> **Exercise**
What you should give back is a precise copy of the lines below from the one containing "Bucilla Precious Moments" through the one containing "Alumnos residentes del", with no pictures.

> **Material for the task**

>>>>>

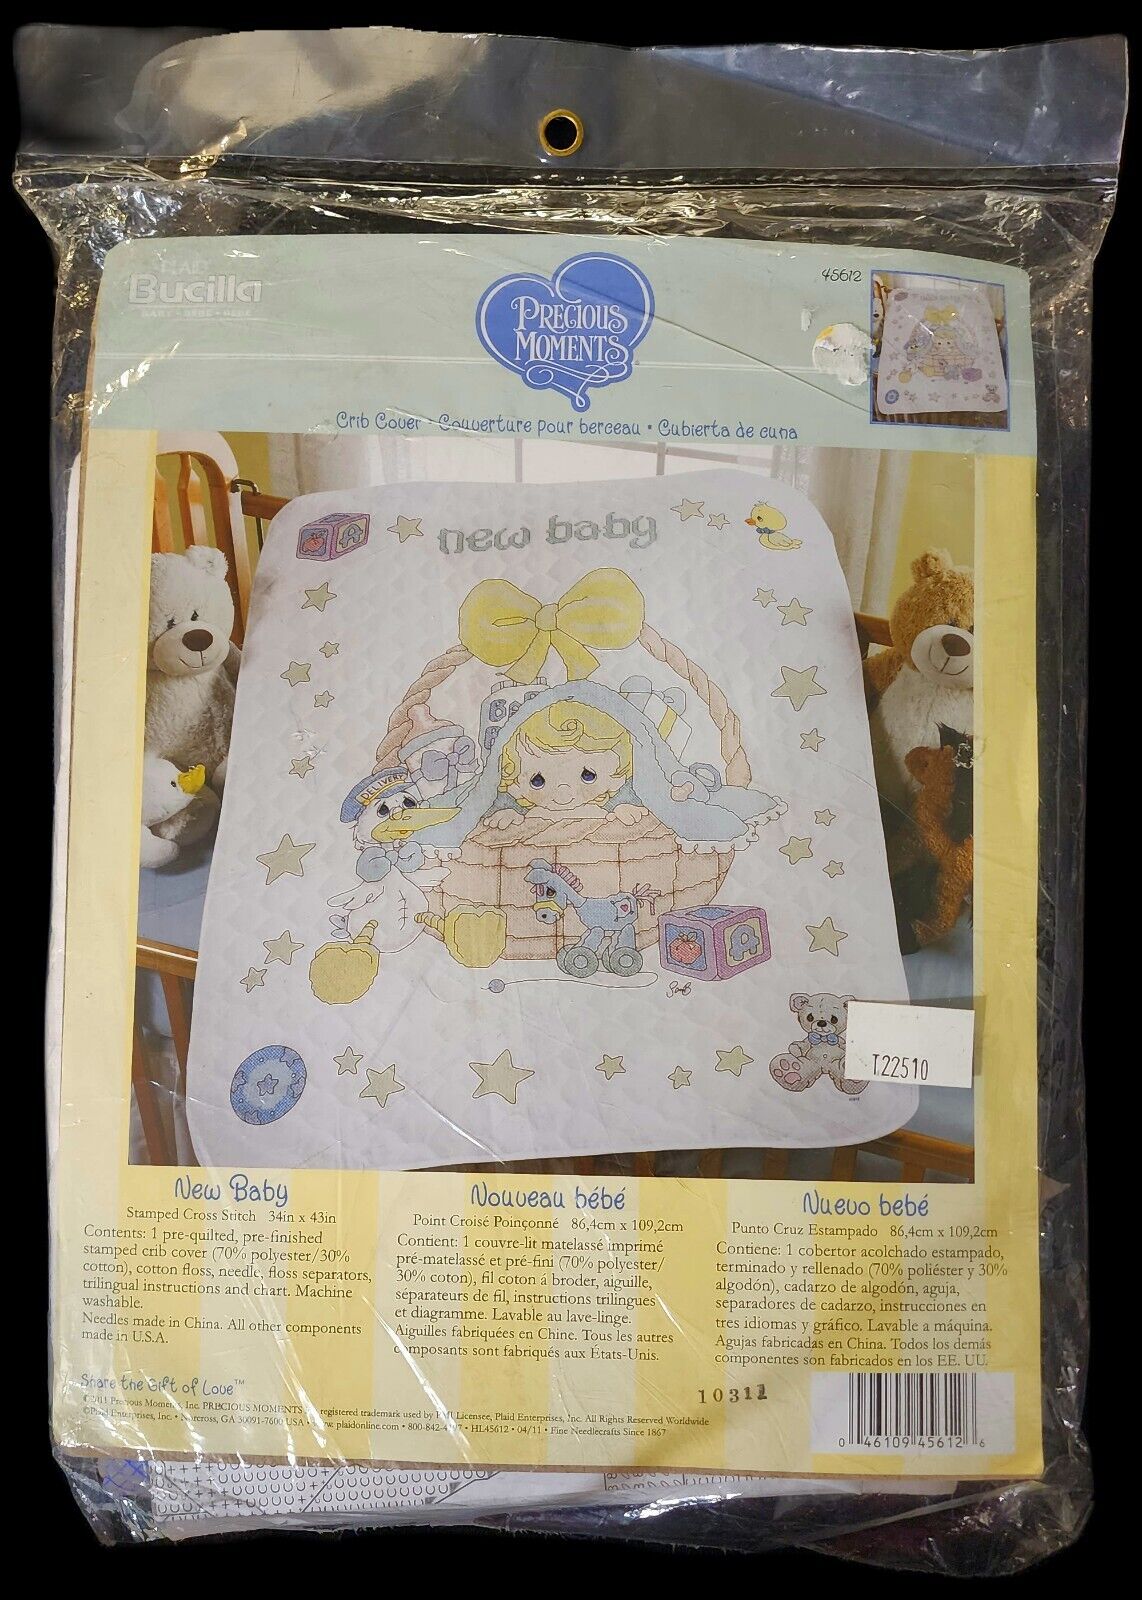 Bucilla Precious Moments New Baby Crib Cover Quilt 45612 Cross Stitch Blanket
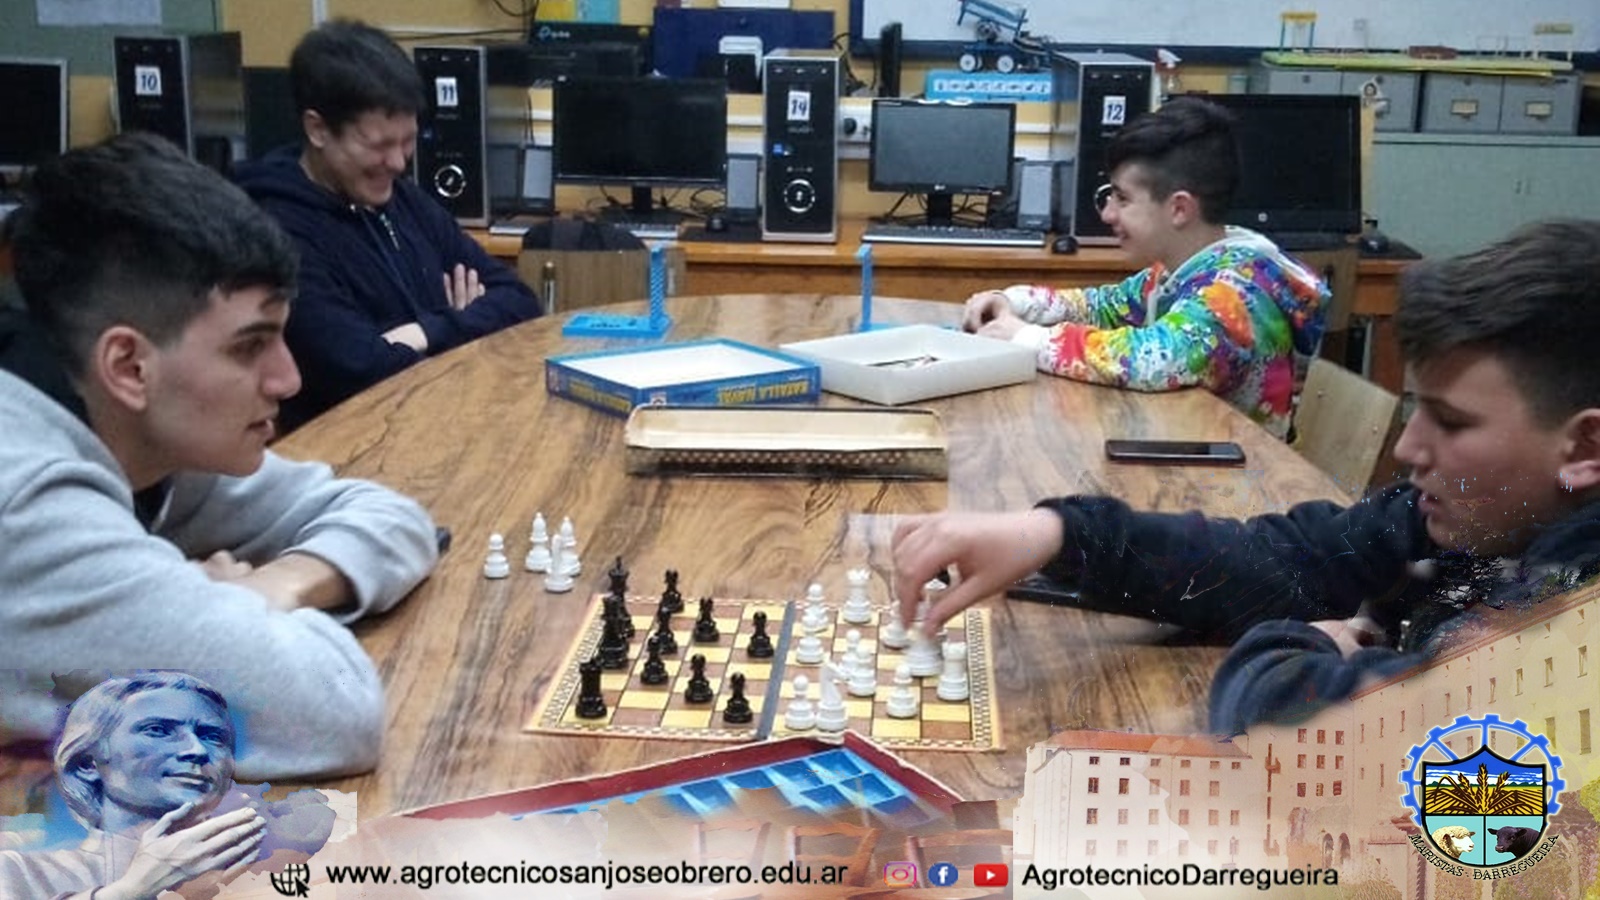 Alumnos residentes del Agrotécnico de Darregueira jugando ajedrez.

<<<<<
>>>>>

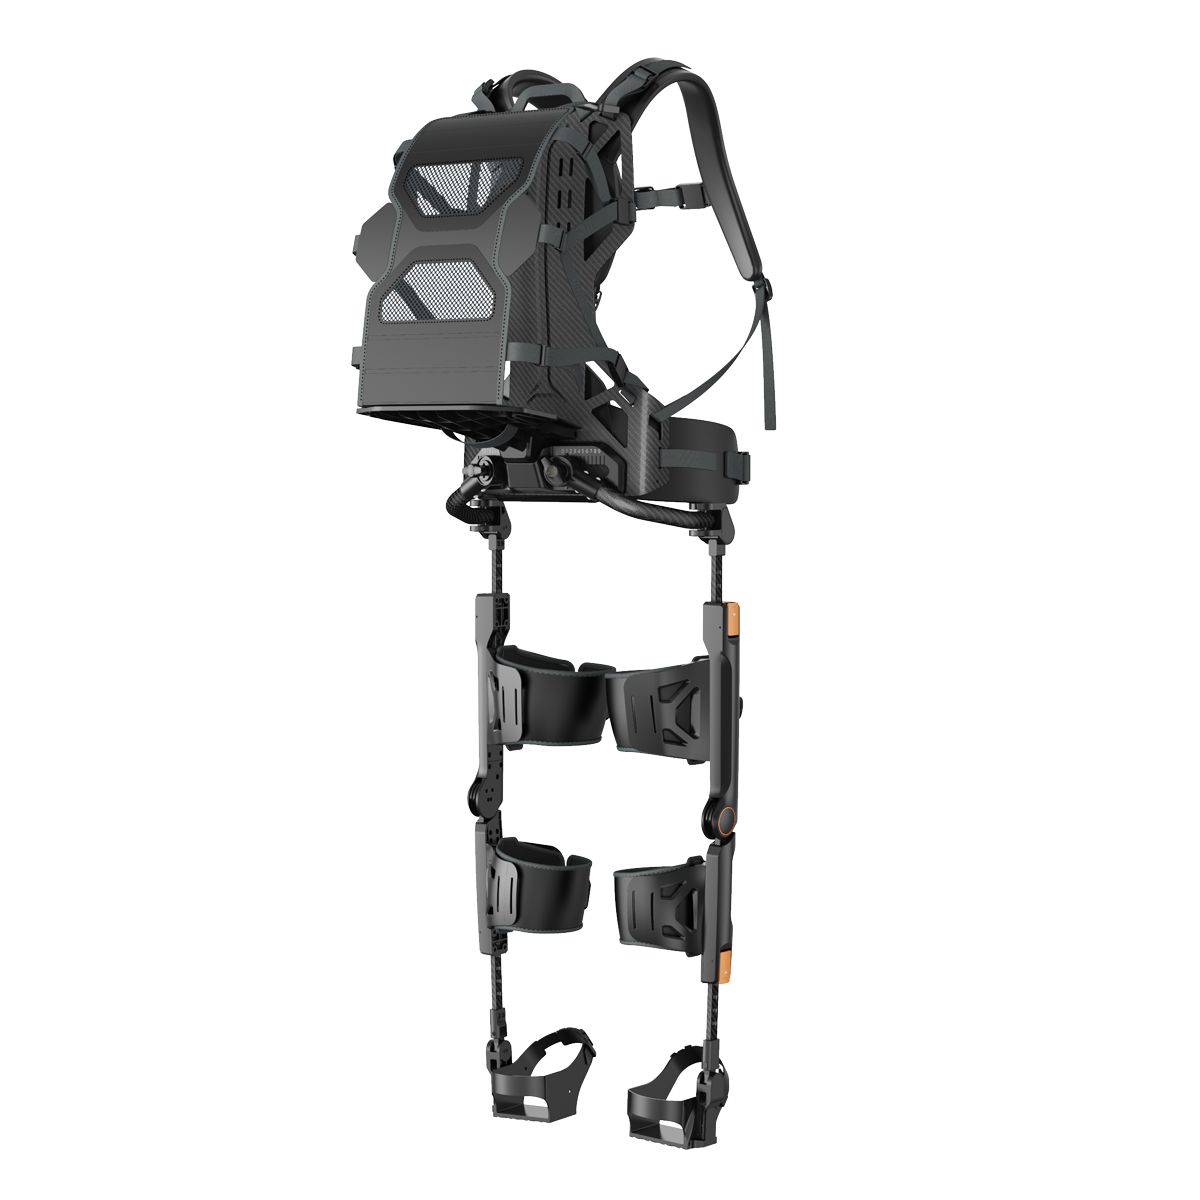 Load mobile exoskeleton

<<<<<

> **Finished exercise**
 Bucilla Precious Moments New Baby Crib Cover Quilt 45612 Cross Stitch Blanket
 Alumnos residentes del Agrotécnico de Darregueira jugando ajedrez.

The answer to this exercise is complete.